Молодая девушка встала, подошла к группе и, грациозно поклонившись, сказала:
— Если желаете, господа, я готова удовлетворить ваше любопытство и передать вам то, что бедный мальчик не знает, как рассказать.
— Кто вы, молодая девушка? — спросил Мишель, после того как пристально всматривался в нее с минуту.
— Молодая девушка, сударь, — ответила она с легким оттенком насмешливости, — молодая девушка, которая прислана к вам, если не ошибаюсь, с важным поручением.
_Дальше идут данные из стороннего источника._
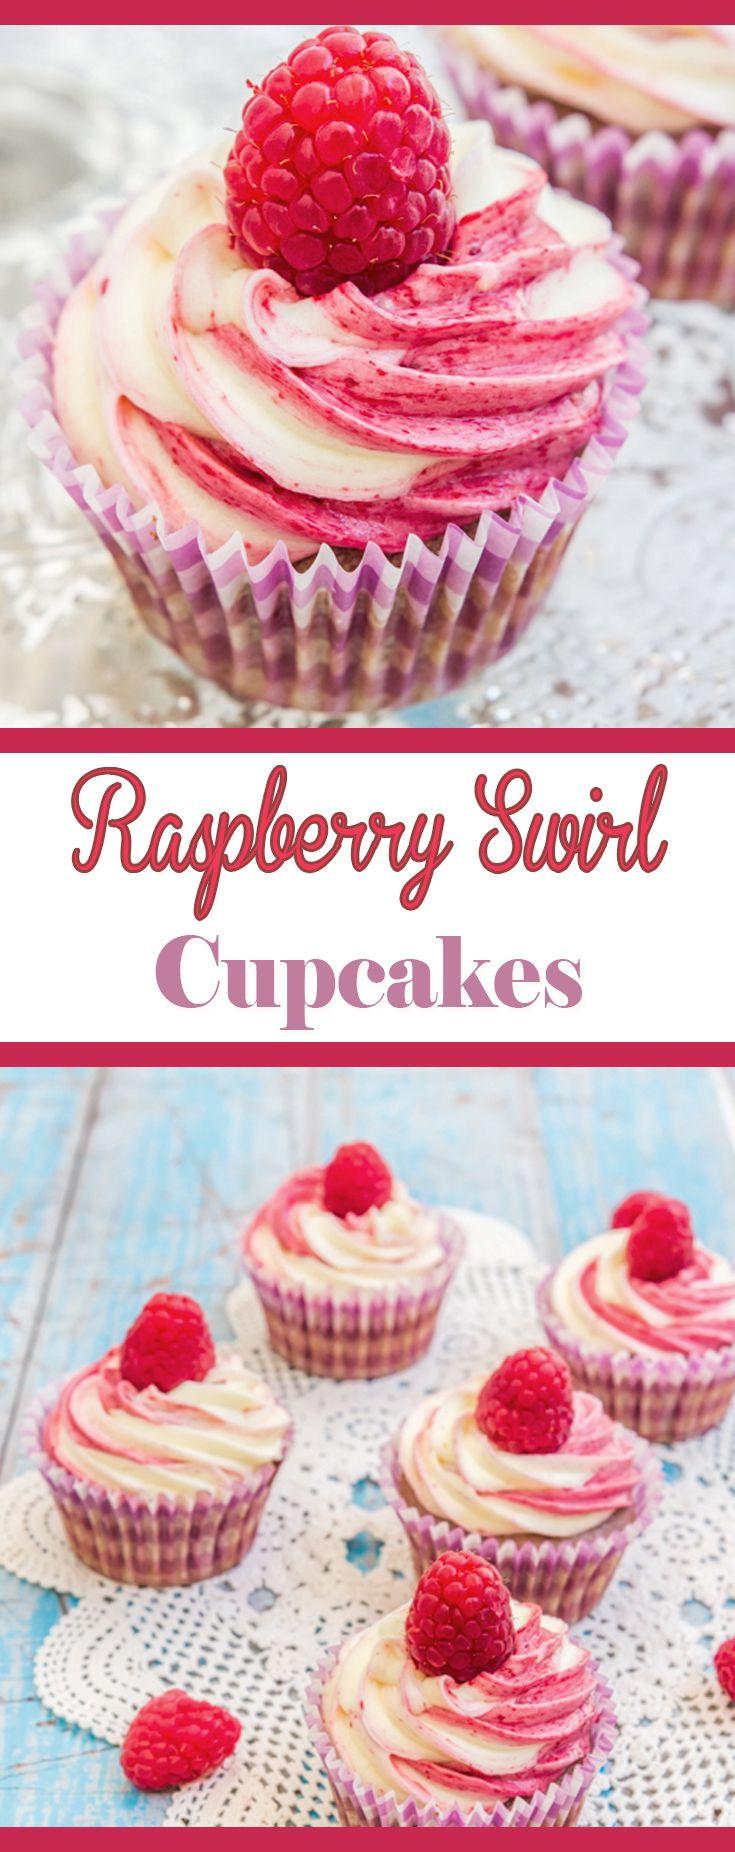 Raspberry Swirl Cupcakes

— Ко мне? — с движением изумления вскричал Мишель. — Это удивляет меня — насколько мне известно, я не имею чести знать вас.
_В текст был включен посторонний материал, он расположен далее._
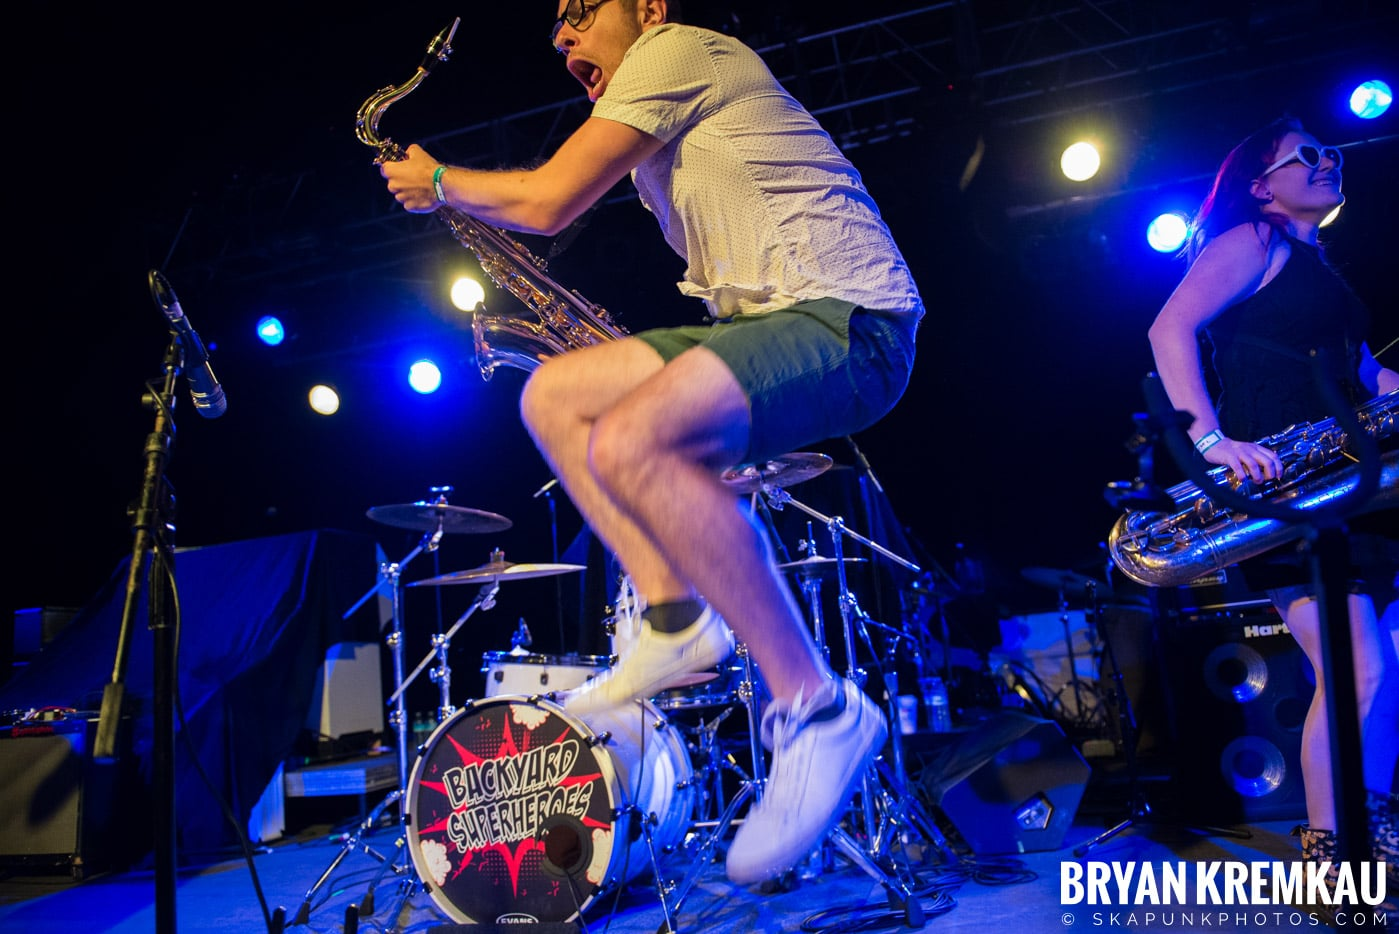 Backyard Superheroes @ Starland Ballroom, Sayreville, NJ - 7.29.17 (26)

— Вы действительно меня не знаете, но того нельзя сказать о лице, от которого я к вам прислана.
— Стало быть, вы, в самом деле, присланы ко мне?
— Иначе, зачем бы я была здесь? — вскричала она, смеясь и зардевшись как маков цвет.
— Правда, — сказал офицер, — я сам не знаю, что говорю. А кто же прислал вас ко мне?
— Сейчас узнаете, сударь, если вам угодно будет выслушать меня; я вовсе не имею намерения сохранять в тайне ни собственного имени, ни той особы, которая прислала меня к вам.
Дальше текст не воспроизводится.